– Сейчас там шпионов на каждом шагу и тебя тут же возьмут, едва к нему сунешься. Только хуже наделаешь. Может, по дурости своей фельдмаршал и впрямь не те письма подсунул, а которые требовались, уже у неприятелей наших в руках и не сегодня-завтра на стол к самой императрице лягут. В любом случае поездка твоя ничего не даст. Кто еще с тобой был? – внимательно посмотрел он на гвардейца.
– Сержант Калиновский и капрал Мирович.
– Кто такие?
– Из действующей армии. В Нарву по делам приезжали. Познакомился с ними случайно.
– Что им про те письма известно?
– Ничего неизвестно. Попросил помочь, а то одному того человечка никак не перехватить бы.
– Мирович… Мирович… – несколько раз повторил Бестужев. – Чего-то слышал о нем. Из Малороссии?
– Родичи его оттуда, а потом их царь Петр в ссылку в Сибирь всех определил. Так этот Мирович уже там на свет появился. После учился в Шляхетском корпусе, но недоучился, и в армию отправлен. В пехотном полку служит.
– Хорошо… Иди, отдыхай. Как понадобишься, то сам найду. Из столицы ни шагу. И вот еще что: про письма ни гу-гу. Понял?
– А как же иначе? – сощурился Кураев. – Не первый раз, понимаю.
– Но если чего вдруг известно станет, то живой ногой ко мне в любое время. Теперь ступай. И это… – замялся вдруг граф. – Извини, что погорячился чуть. Сам того не ожидал. Прощай…
4
При молодом дворе в Ораниенбауме все жили в преддверии скорой кончины императрицы после припадка, случившегося 8 сентября в день Рождества Богородицы. Именно тогда к их двору устремились те вельможи и сановники, что прежде презрительно морщили носы, произнося имя великого князя и его супруги. Верными императрице остались лишь братья Шуваловы да Воронцов с Трубецким, которым отступать было просто некуда.

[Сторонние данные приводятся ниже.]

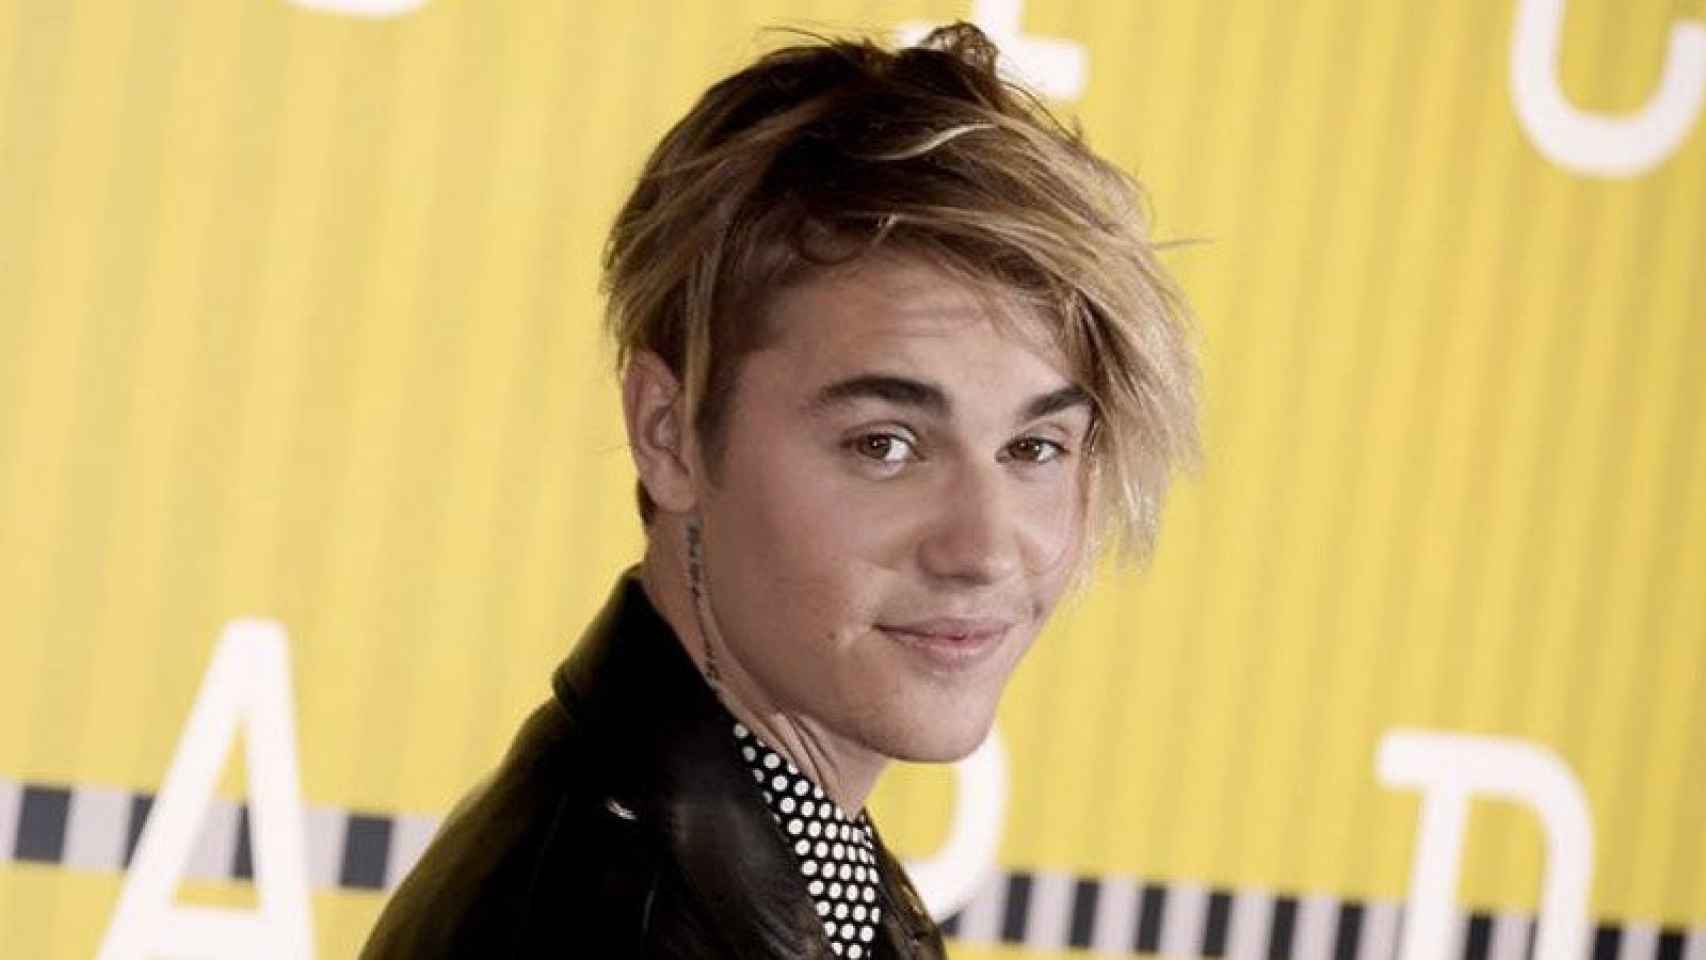 Las fans de Justin Bieber enloquecieron en su entrada a los premios MTV, se había cambiado el peinado
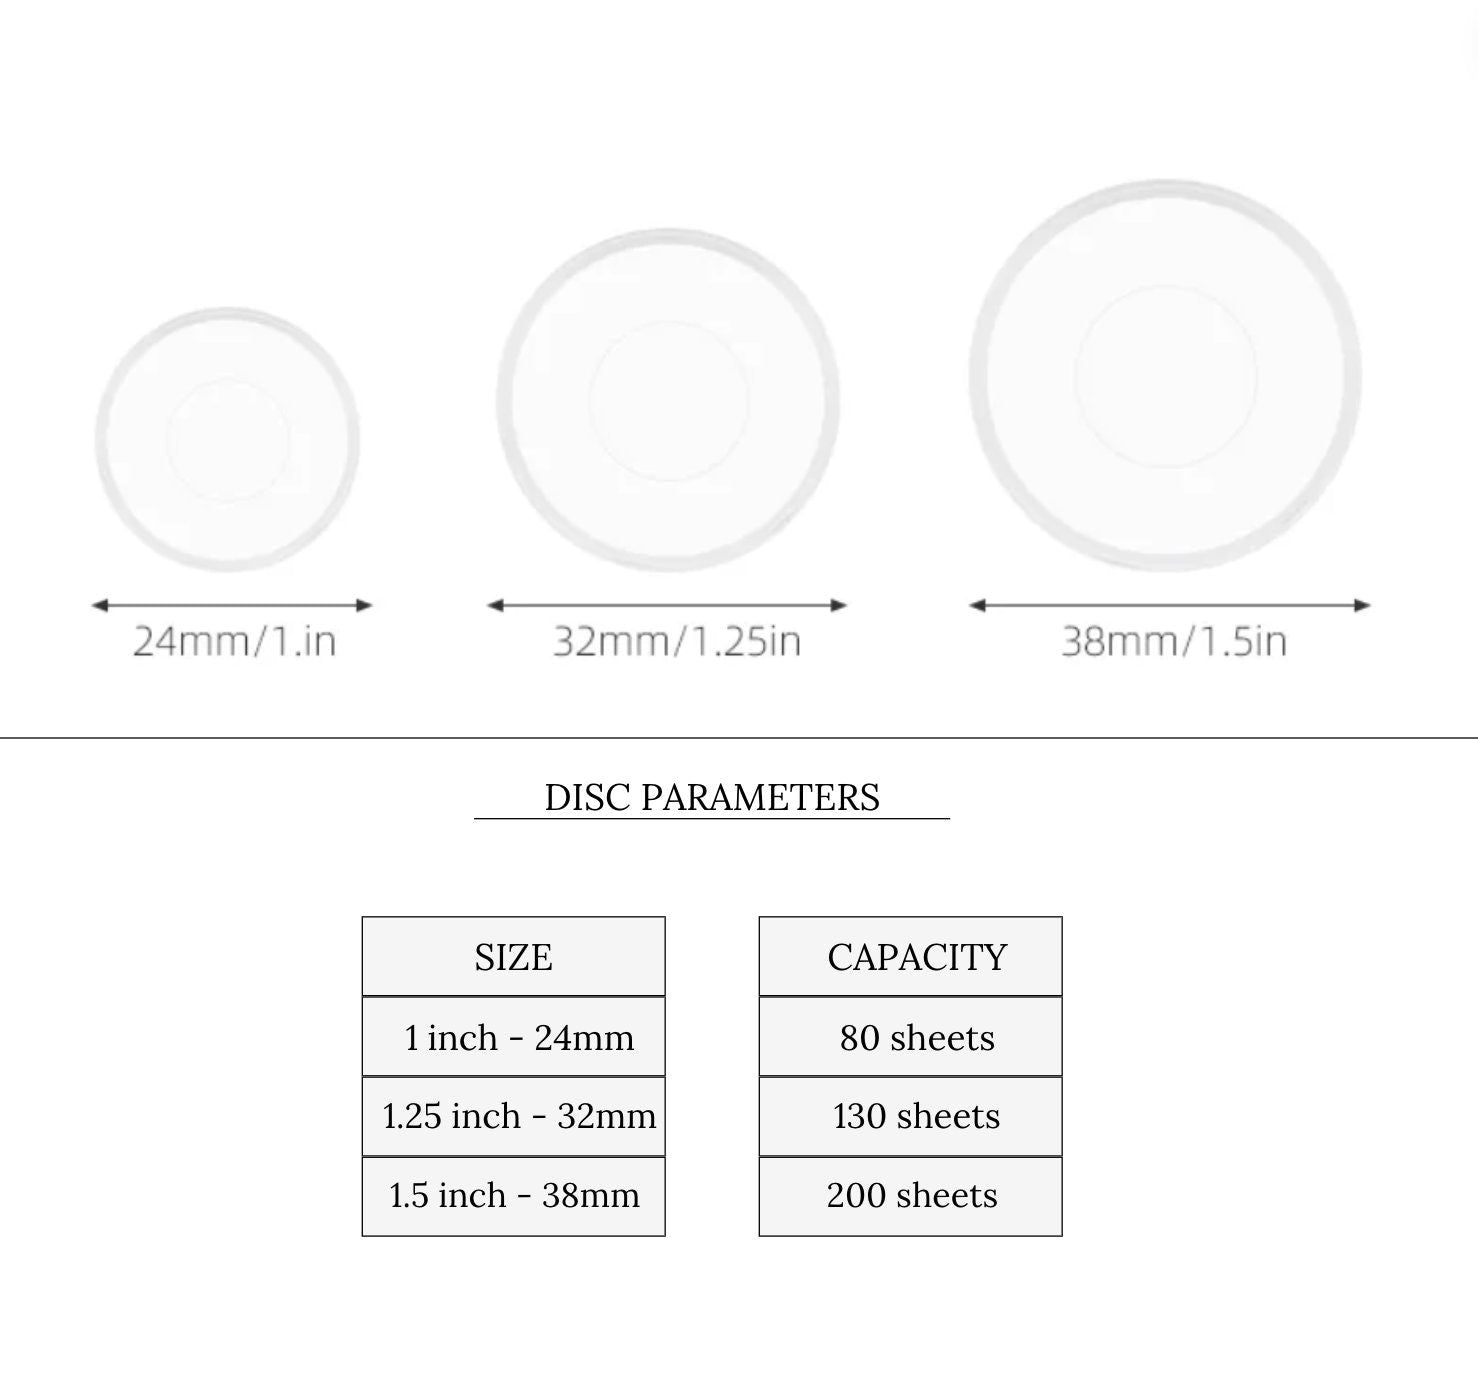 CLEAR Planner Discs || 11 Discs, Discbound, 1.5 inch, 1.25 inch, 1 inch

Петр Федорович ходил по своему дворцу, важно надув щеки, делал «пуф» в сторону ближайших своих друзей, что считалось признаком его хорошего расположения духа. Два полка, выписанные специально для него из Голштинии, без устали маршировали по дворцовому плацу, выполняя приказы наследника, неизменно командовавшего всеми разводами и построениями.
Великая княгиня Екатерина, напротив, не выходила из своих комнат, принимая многочисленных посетителей, доставлявших ей сведения о состоянии здоровья императрицы. Именно тогда случился и их весьма важный разговор с канцлером Бестужевым-Рюминым, при котором случилось присутствовать Ивану Перфильевичу Елагину, по поручению императрицы долгие годы находившемуся при молодом дворе.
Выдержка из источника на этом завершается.